- [Source material]:
^^^^

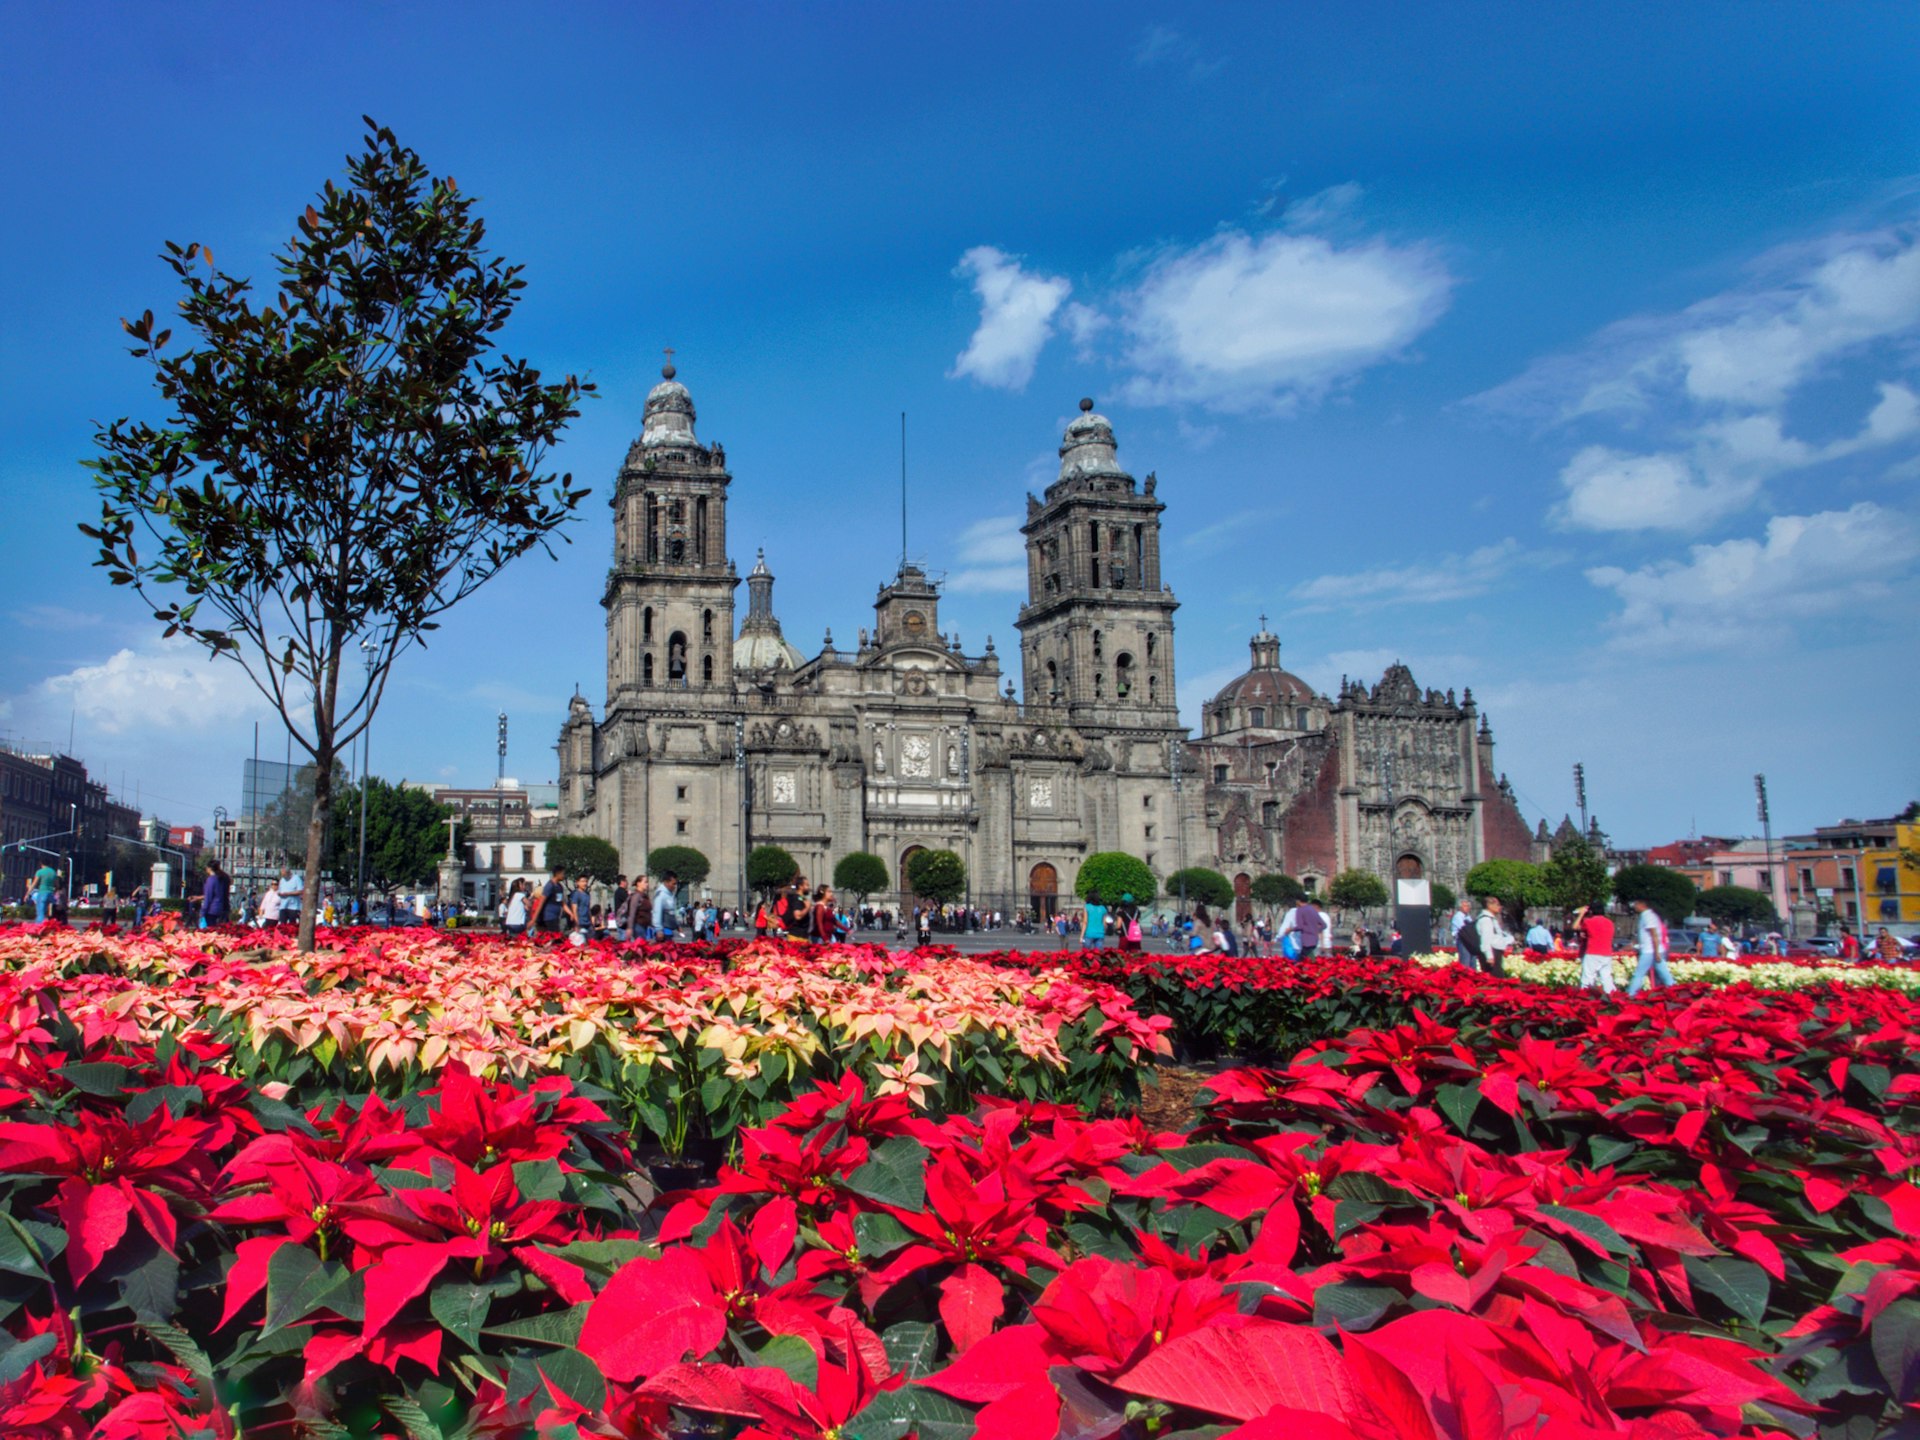 Christmas time in Mexico City with colorful poinsettias stood outside the city's major church
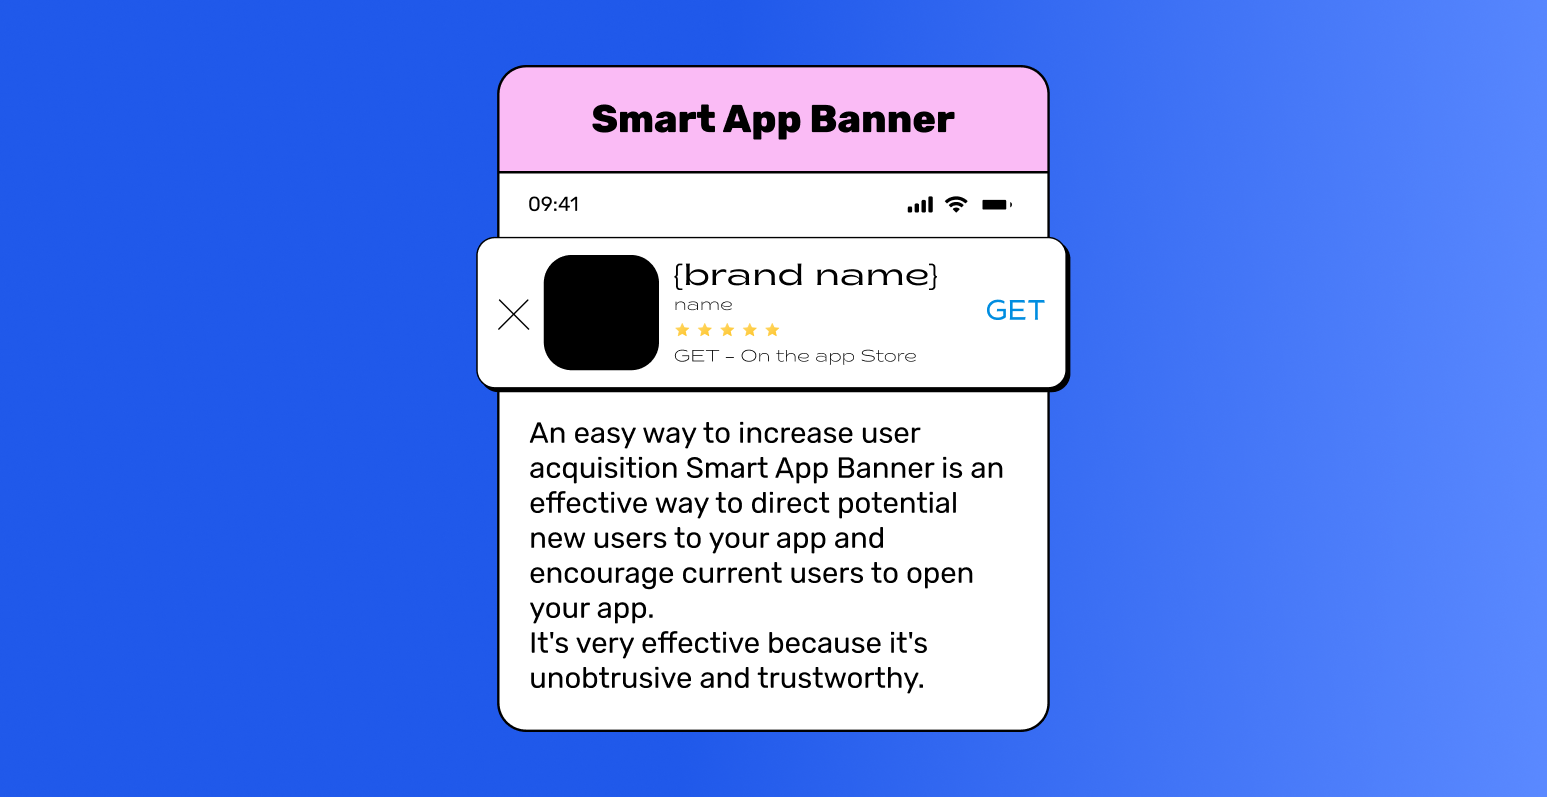 The image features a mobile website displayed in a box, with a prominent smart app banner highlighted above it. The banner shows how it will appear on the mobile website after converting your Shopify store into a mobile app. Below the banner, there is a brief description of what a smart app banner is, all still within the frame that simulates the mobile website.
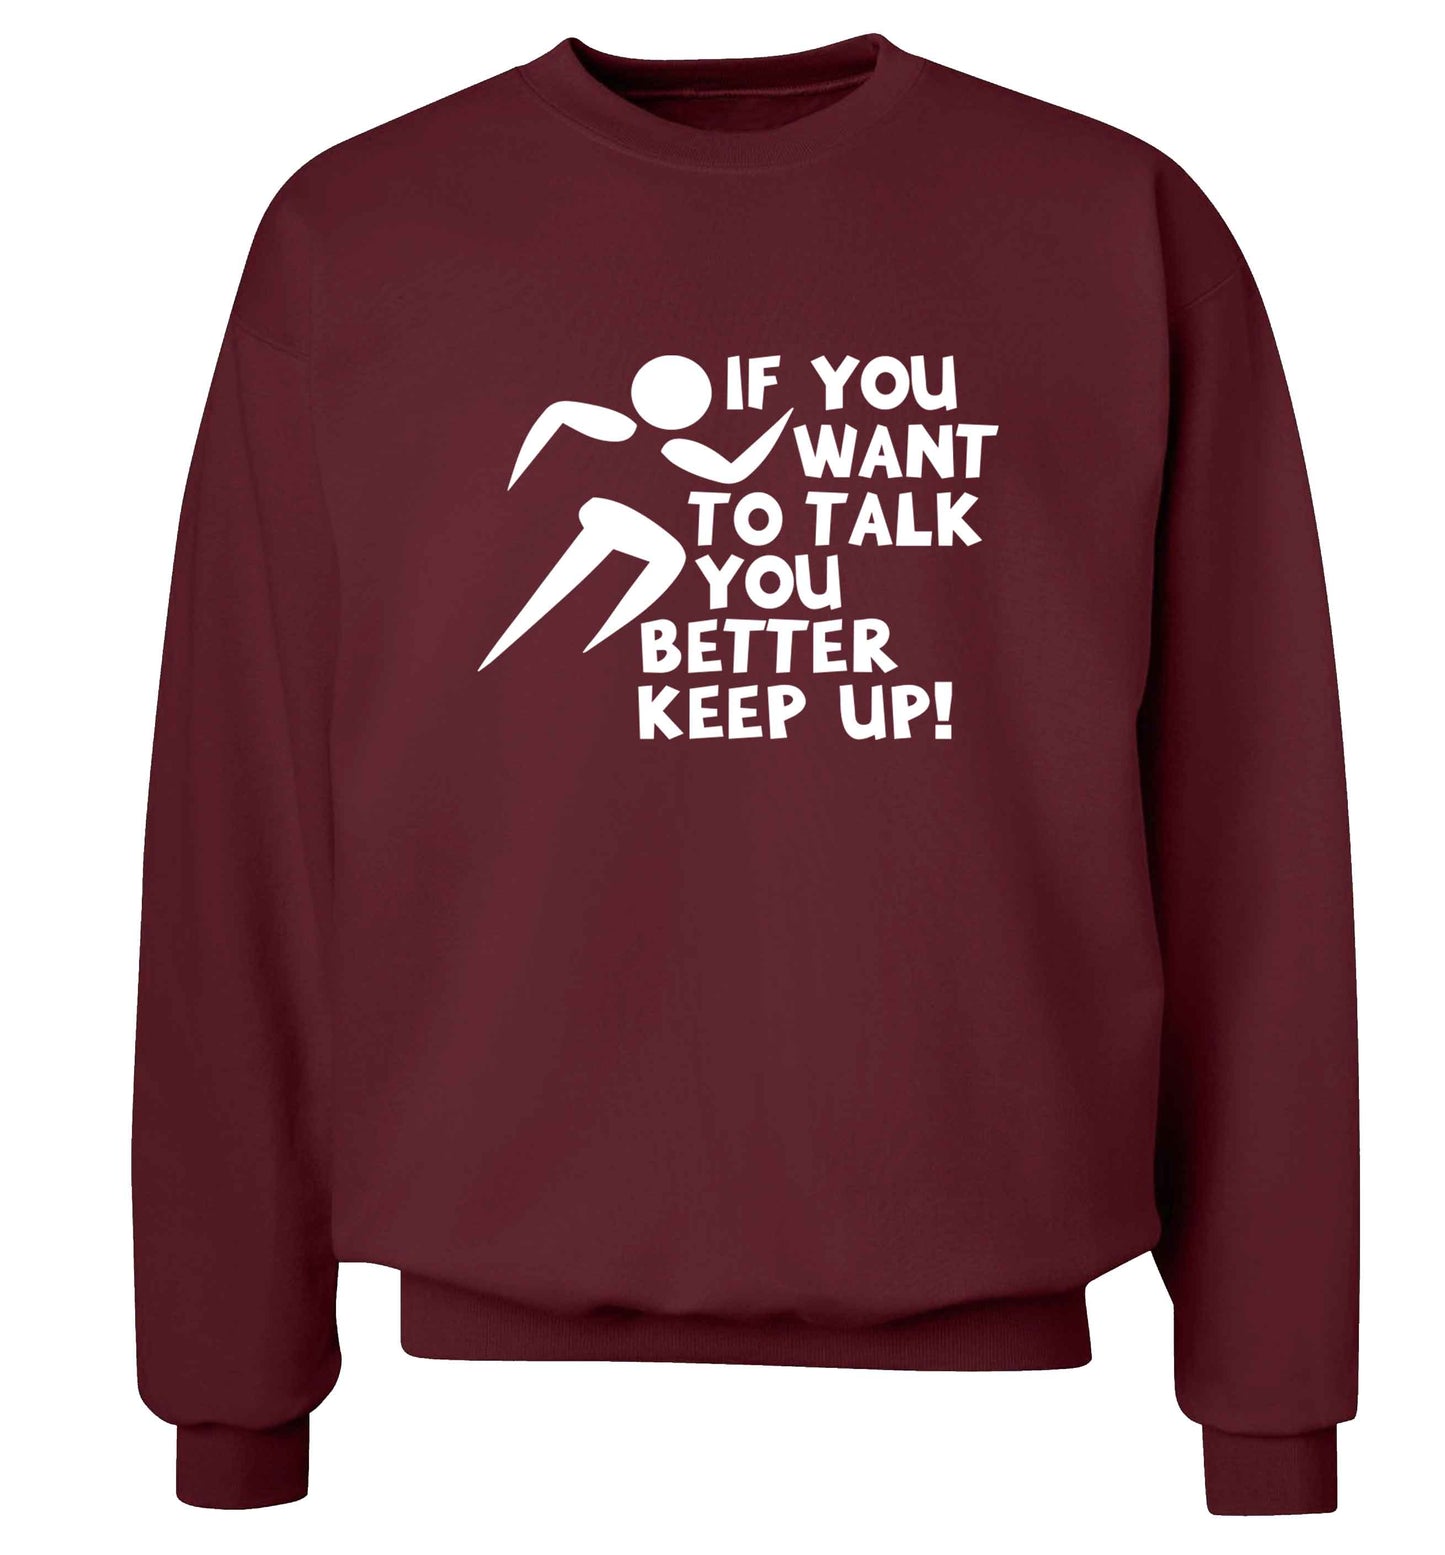 If you want to talk you better keep up! adult's unisex maroon sweater 2XL

^^^^

- [Your task]: Please return the whole listing exactly. Do not copy its images.

- [Written solution]:
 Christmas time in Mexico City with colorful poinsettias stood outside the city's major church
 The image features a mobile website displayed in a box, with a prominent smart app banner highlighted above it. The banner shows how it will appear on the mobile website after converting your Shopify store into a mobile app. Below the banner, there is a brief description of what a smart app banner is, all still within the frame that simulates the mobile website.
 If you want to talk you better keep up! adult's unisex maroon sweater 2XL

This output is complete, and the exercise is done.